The ways that Winfrey, Cross and Ali have addressed these lesbian rumors indicate that although the times have certainly changed for lesbians in this society, we have by no means reached a place where one’s sexuality does not matter. If a woman lacks a male partner, or even if she has a male partner but he is perceived to be the subordinate one in their relationship, she is opening herself up to rumors of lesbianism.

Female celebrities who face lesbian rumors do have alternatives to issuing statements that they are heterosexual; they may choose to state that their sexuality is a private issue that they do not discuss, or they may choose, eventually, to come out. Rock icon Joan Jett, who has long been rumored to be a lesbian and has always been very welcoming of her lesbian fans, told the Palm Springs Desert Sun this past spring: “I never made any kind of statement about my personal life on any level. I never made any proclamations. So I don’t know where people are getting that from.”

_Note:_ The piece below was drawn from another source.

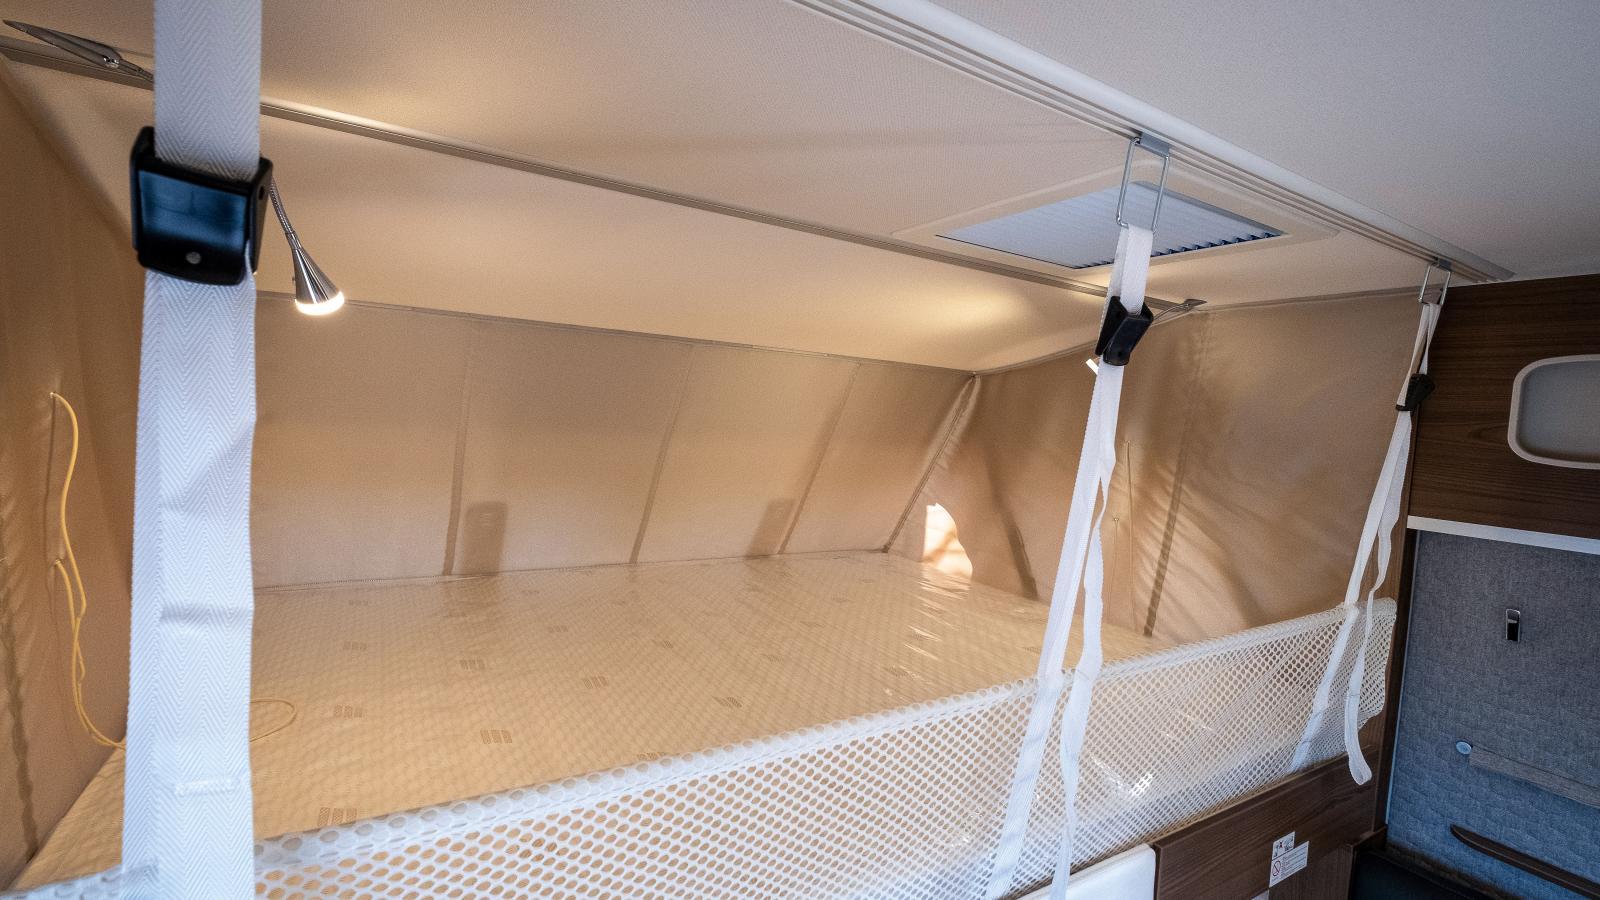 Den nedsänkbara gästsängen ovanför förarhytten kan extrautrustas med två utdragbara delar som ger långbäddsmöjlighet.

And L Word sex symbol Katherine Moennig, who has also been rumored to be a lesbian, has long insisted that she does not discuss her sexuality. She told USA Today in February 2005, “When it comes to my life and what I do off-screen, I don’t want to ruin that. What people do behind closed doors is their business.”

Cast mate Mia Kirshner told Curve in July 2006, “I just don’t think it matters if people are gay or straight. Why would you assume that I was straight? What difference does it make? I’m very comfortable saying that I think men are beautiful and I think women are beautiful. I think it’s very personal and I just don’t think it matters anymore.”

>But although an insistence on one’s personal privacy is the right of every individual, celebrity or otherwise, the idea that one’s sexual identity does not matter is challenged every day by the political battles waged on issues ranging from the rights of LGBT employees in the workplace to the national debate on gay marriage.

Celebrities such as Cynthia Nixon, Sheryl Swoopes, and Portia de Rossi, who carefully skirted questions about their sexuality before they decided to come out of the closet, have admitted that privacy aside, coming-out is not about revealing what goes on in one’s bedroom. All three women have suggested that coming-out is, at its most basic level, about being honest about who they are as individuals.

When Nixon came out to the New York Daily News in September 2004, she said, “My private life is private. But at the same time, I have nothing to hide. So what I will say is that I am very happy.”

Last October, Sheryl Swoopes told ESPN magazine, “I’m just at a point in my life where I’m tired of having to pretend to be somebody I’m not. I’m tired of having to hide my feelings about the person I care about. About the person I love.”

When Portia de Rossi spoke with The Advocate in September 2005 she crystallized, for many, the complex and conflicting feelings about coming out. “The most important thing for me was to never, ever, ever deny it,” she said of her years of silence about her relationship with Francesca Gregorini. “But I didn’t really have the courage to talk about it. I was thinking, Well, the people who need to know I’m gay know, and I’m somehow living by example by continuing on with my career and having a full, rich life, and I am incidentally gay, but it’s not a big political platform. I justified it in so many ways. Believe me, I had a very, very long and difficult struggle with my sexuality.”

For female celebrities in 2006, the question of how to address rumors of lesbianism “which often arise for women who are successful and single, whether they are gay or not” no longer needs to be addressed with flat-out denial. Cross and Winfrey’s embracing of the LGBT community, even while they situate themselves as heterosexual, is a positive sign for gays and lesbians. It shows that the stigma that once came with those pesky lesbian rumors has lessened to a considerable degree.

For those such as de Rossi, Nixon, and Swoopes, who have chosen to come out in recent years, the more tolerant atmosphere has meant that their careers have not taken an automatic nosedive. That fear has been one of the main deterrents to coming out for celebrities in the past, and though it may still prevent many male celebrities from coming out, it seems that the situation, in this one particular case, is more beneficial for women.